Gestern war es genauso gewesen, und wahrscheinlich würde es auch
morgen wieder so sein. Es war so heiß, daß er beinahe
sehnsüchtig an die Kalte Hölle dachte, fast so heiß,
daß er sich einen Hauch der Kalten Hölle wünschte.
Fast.
    Aber sie bekamen ja jede Nacht die Kalte Hölle zu
spüren. Wie war es nur möglich, daß sich eine solche
Hitze so kurz nach diesen blutroten Sonnenuntergängen der
Wüste in mehr als eine Eiseskälte verwandeln konnte?
    Die Pferde und der Onager schleppten sich schwitzend dahin. Die
Reiter hingen schlaff in ihren Sätteln und schwitzten.
    Selbst der Boden würde schwitzen, dachte Hanse, wenn er nur
den Bruchteil eines Bruchteiles eines Tropfens Feuchtigkeit
enthielte, den er der gleißenden, sengenden und alles
austrocknenden Vaspa darbieten könnte.
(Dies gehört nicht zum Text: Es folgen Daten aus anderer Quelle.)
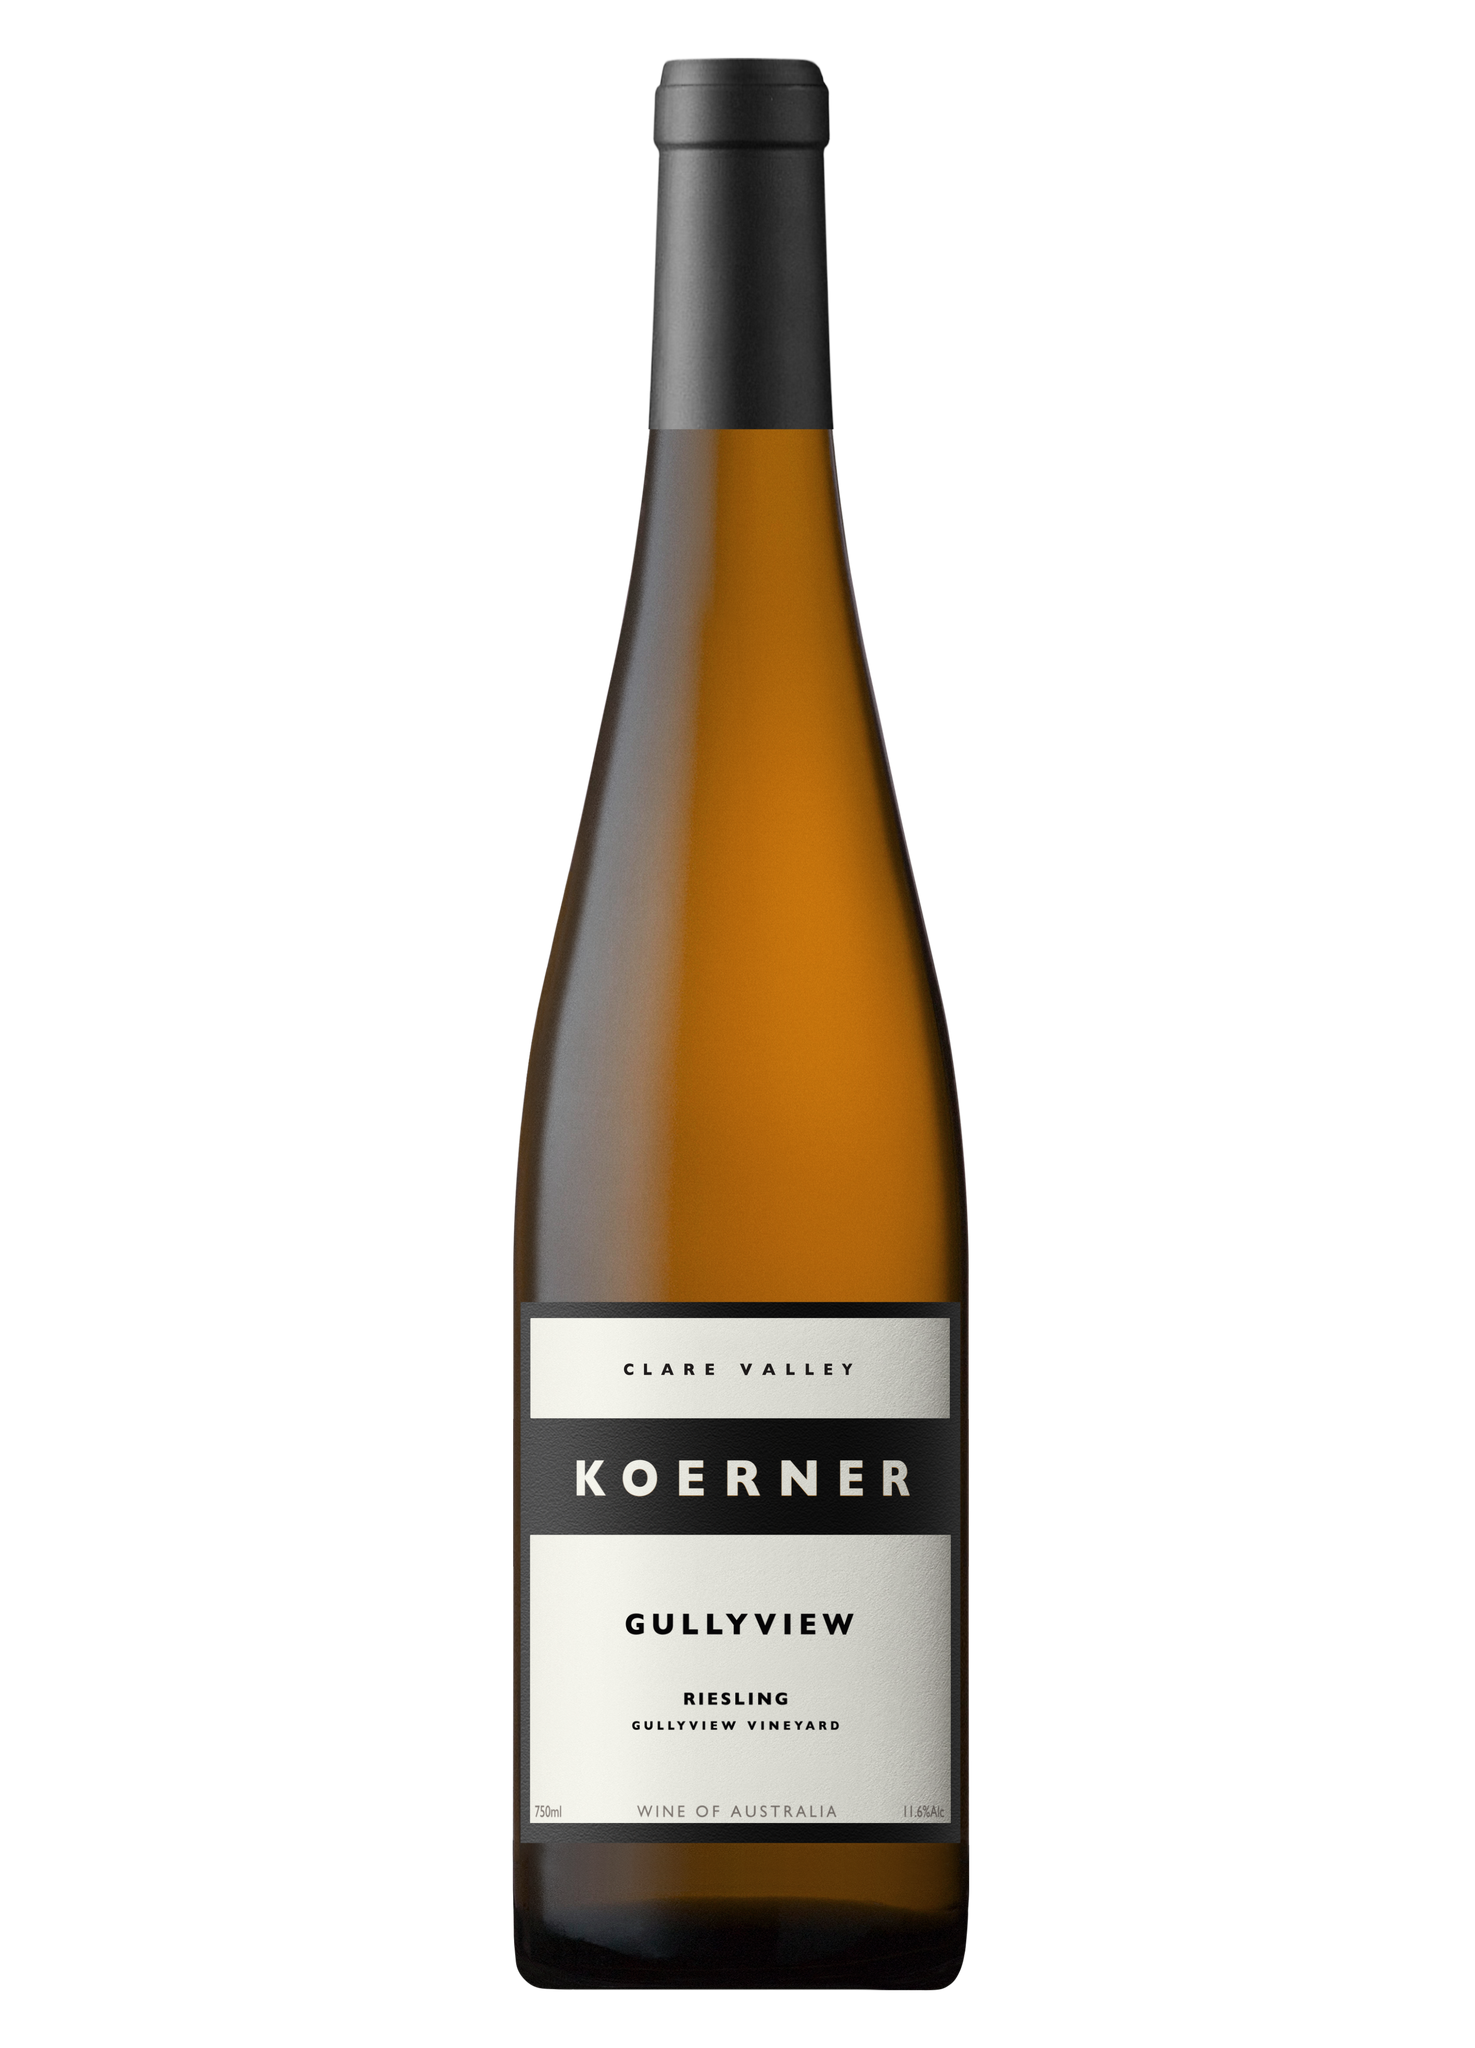 2022 Koerner Gullyview Riesling- 96 points - Mike Bennie review (The WINEFRONT)
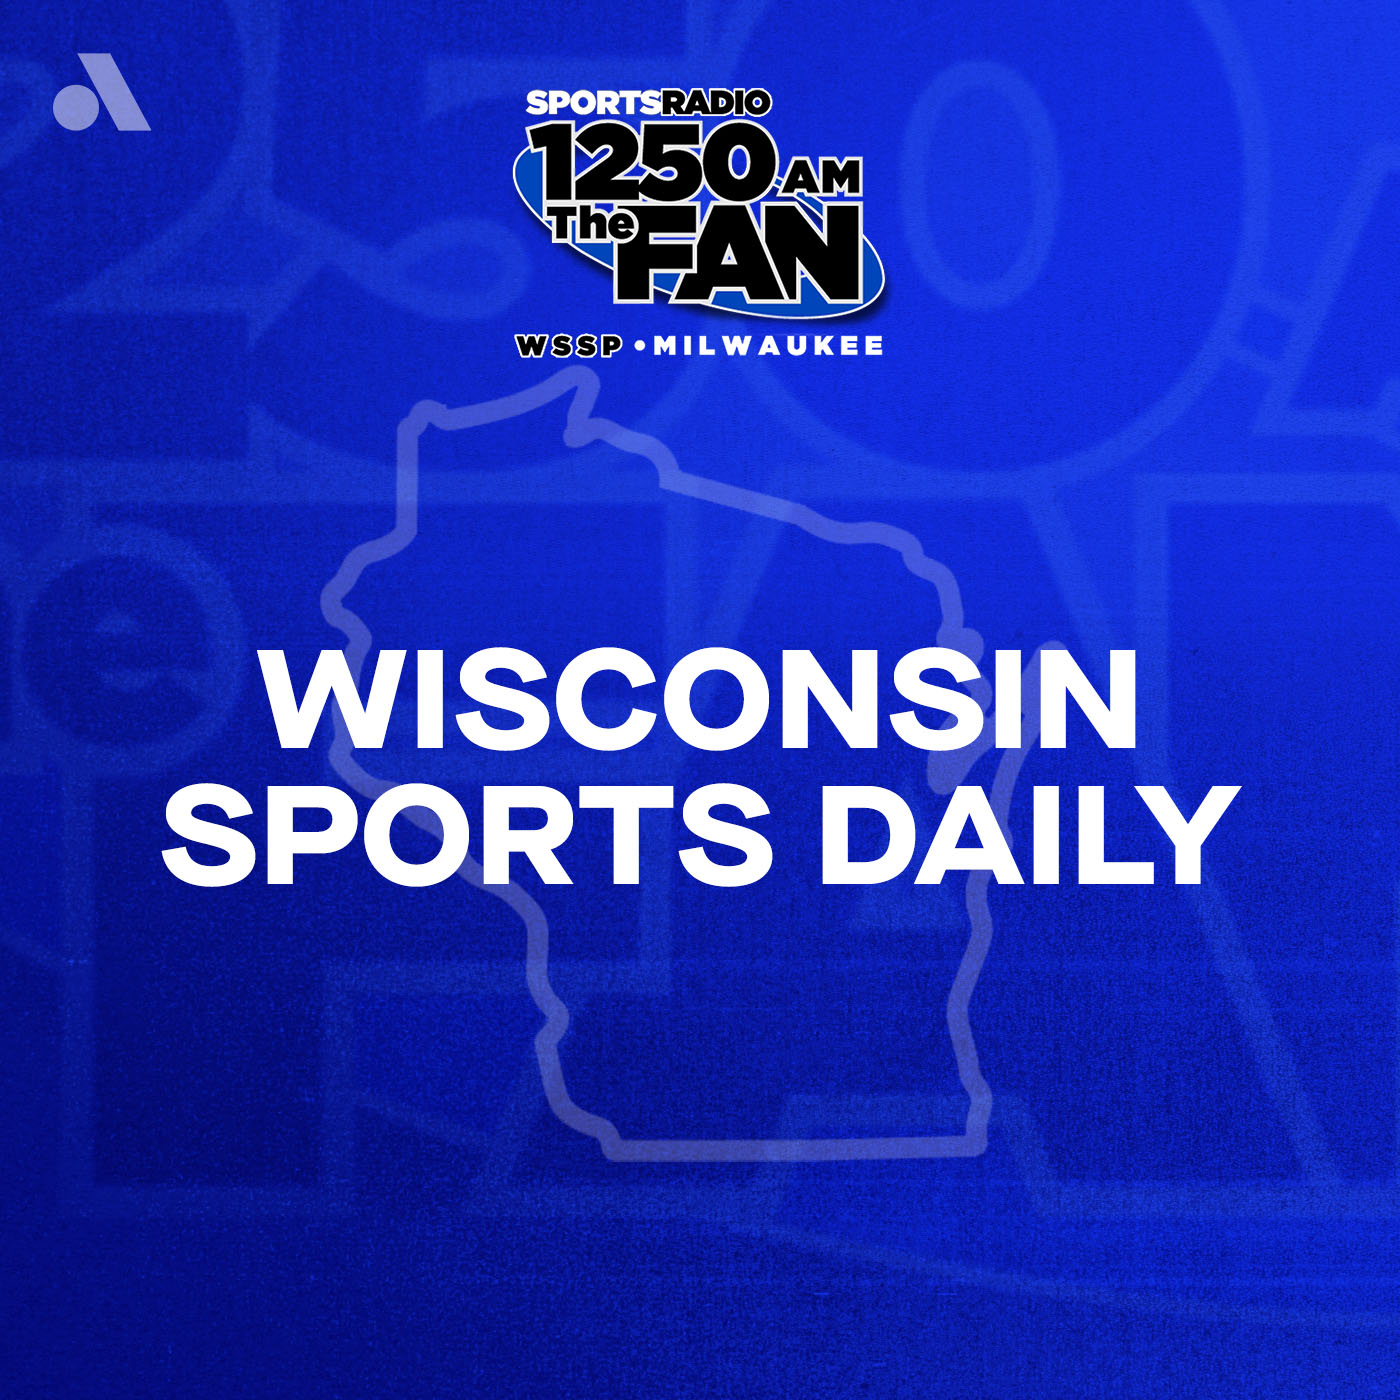 Monday, April 15th: 2nd Hour Of Wisconsin Sports Daily - Moved On From Counsell Leaving For Cubs Yet? - Christian Yelich Hot And Hurt

Er war sich ziemlich
sicher, daß sich selbst dieser endlose, gelbliche Sand in der
unbarmherzigen Hitze vor Schmerzen wand. Immer wieder glaubte er,
dieses Sich-winden sehen zu können, eine schlängelnde,
wellenartige Bewegung direkt über dem Boden (falls man dieses
gelbfarbene Zeug überhaupt als Boden bezeichnen konnte).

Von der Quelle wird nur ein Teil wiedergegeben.